Friday, August 1, 2014

Market Instability to Impact Gentiva Sale?


Gentiva's suitors must factor in recent market volatility as they face the prospect of increased interest rates.  Will Kindred and the unnamed White Knight rush their due diligence, hoping to lock in any new debt at dirt cheap rates?  A financial expert noted:

As companies pay more in interest on borrowed money corporate earnings can drop reducing the stock price. Companies vary as to how sensitive they are to this risk.

Gentiva is already bloated with debt, much of it recently refinanced at low rates as part of the Harden acquisition.   The bigger the corporate mortgage the less money the company has to spend on other things, like employee salaries and benefits.  These have been low on the priority list for years. 

Gentiva will be sold, unless the credit market collapses.  The question is who'll buy, how much they'll borrow and at what rates?

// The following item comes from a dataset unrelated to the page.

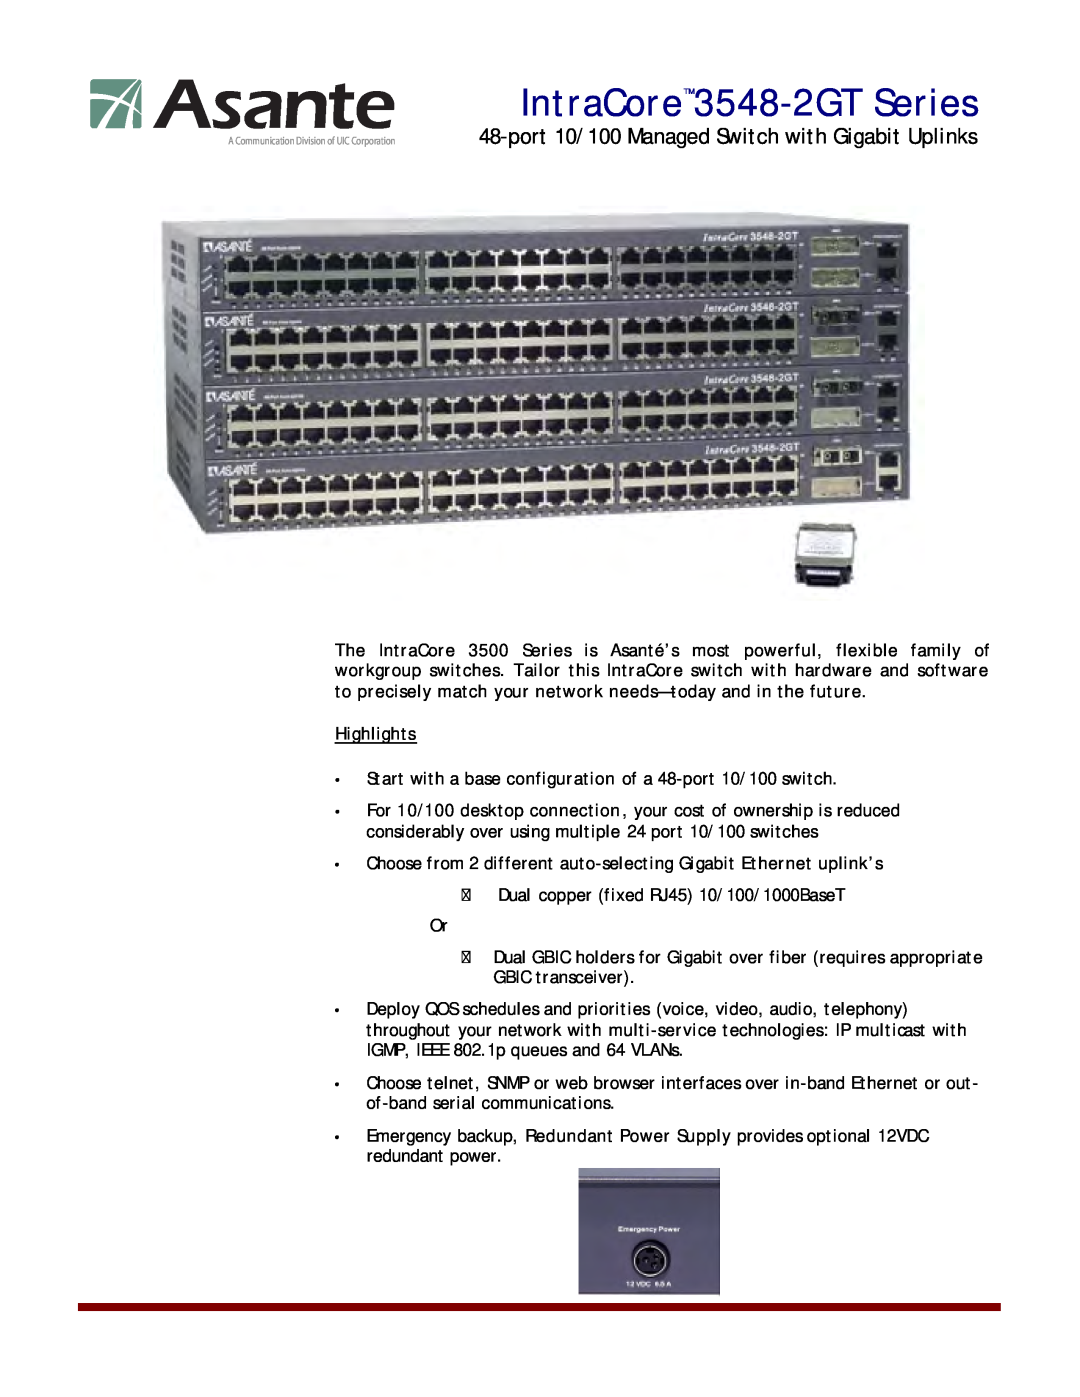 Asante Technologies manual IntraCore 3548-2GT Series, port 10/100 Managed Switch with Gigabit Uplinks, Highlights

The move comes amid rising demand this year for the riskiest corporate bonds from investors frustrated by low interest rates on historically safer investments.

There have been signs lately, however, that the rally may be waning. Prices on bonds issued by lower-rated U.S. companies tumbled last week to a three-month low, according to a Bank of America Merrill Lynch index. Bond yields rise when their prices fall.

Credit market instability could impact who wins Gentiva (if anyone).